ダブレットとは2つの宝石を張り合わせる技法を言います。例えば、ラピスラズリの上にルチルクオーツを張り合わせたものはラピスラズリの色の濃い青にクオーツの透明さと金のラインと青のコントラストが美しく、アンティークな雰囲気もありながらクールでスイートな素敵な宝石です。ですがルビーにダブレットという時、ほとんどの場合悪意をもって行われます。どういうことかというと、例えば宝石の上半分だけルビーをつかい、下半分は別な宝石を張り合わせるのです。こうすると横から見ると境目が見えるのですが、指輪にセットされたりして正面からしか見えなくなると非常にわかりにくくなります。つまり、大きな宝石だと偽るための技法となってしまうのです。

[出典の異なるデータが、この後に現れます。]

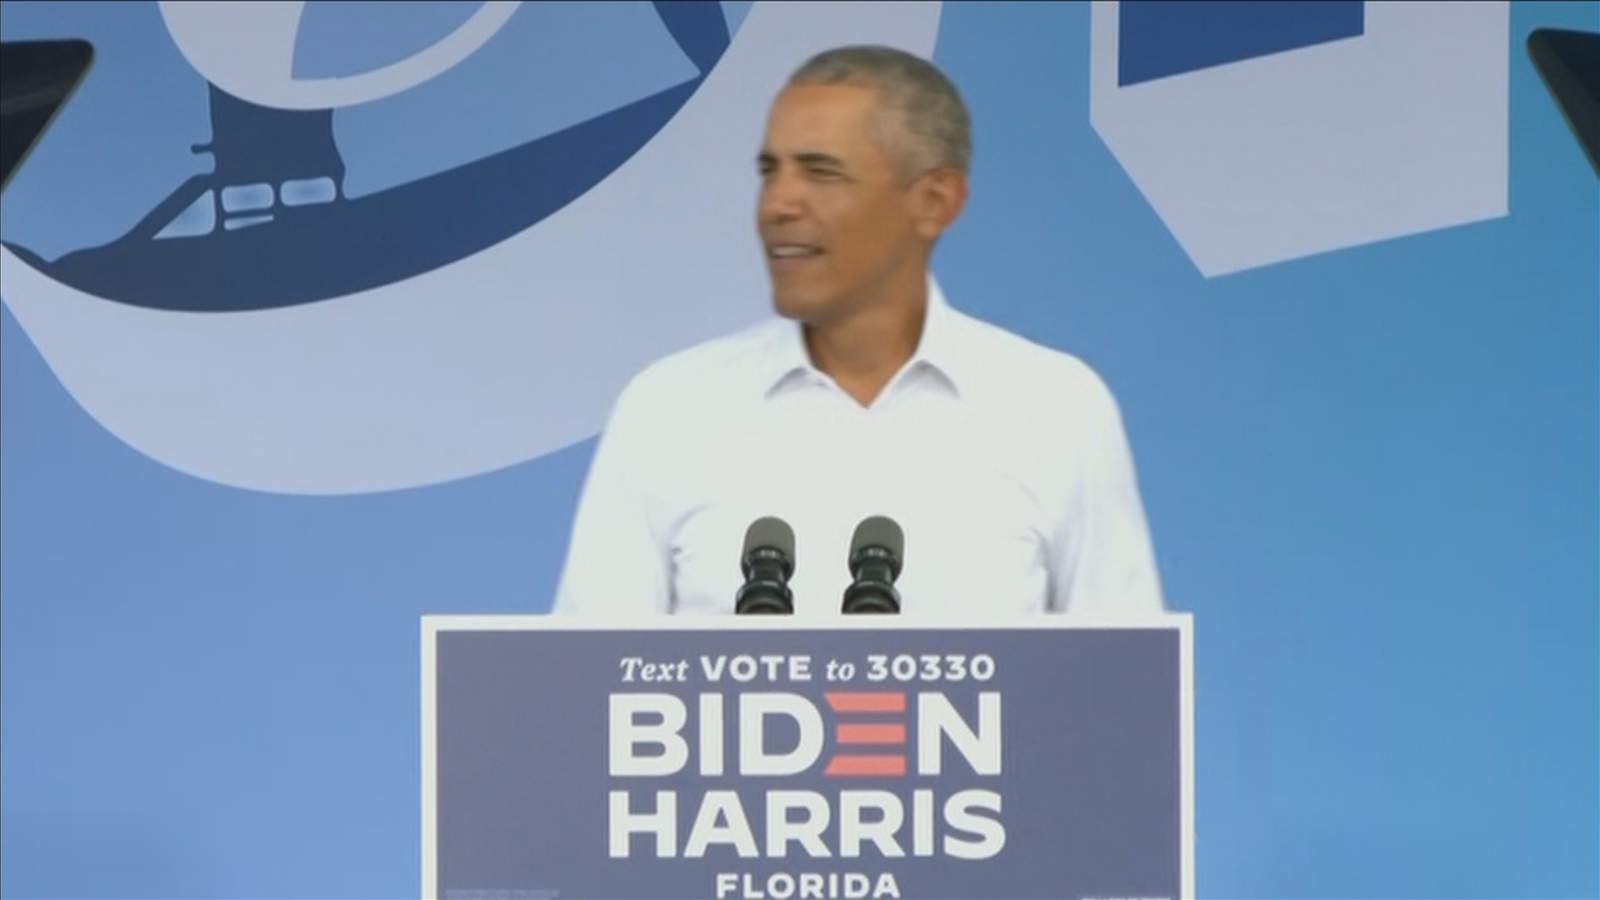 Former President Barack Obama will campaign for Joe Biden in South Florida on Monday

ご注意ください。

まがい物があるのも人気の証拠

ルビーは加熱したり、張り合わせてみたり、人工生成してみたりと、その美しさに惚れた人々があらゆる情熱を用いて悩み、もがきながら、なんとしても手に入れようと試行錯誤した歴史のある宝石です。美しいルビーはきっと一目で心を奪い、情熱に火をつけ、野心に燃えさせてことでしょう。不思議な魅力とパワーを感じる美しい宝石ルビー。店頭やインターネットで見かけたら過去の偉人達の執念に想いを馳せ、その美しさを是非一度ご覧になってみてください。きっとルビーはあなたに微笑みかけてくれるように輝いているでしょう。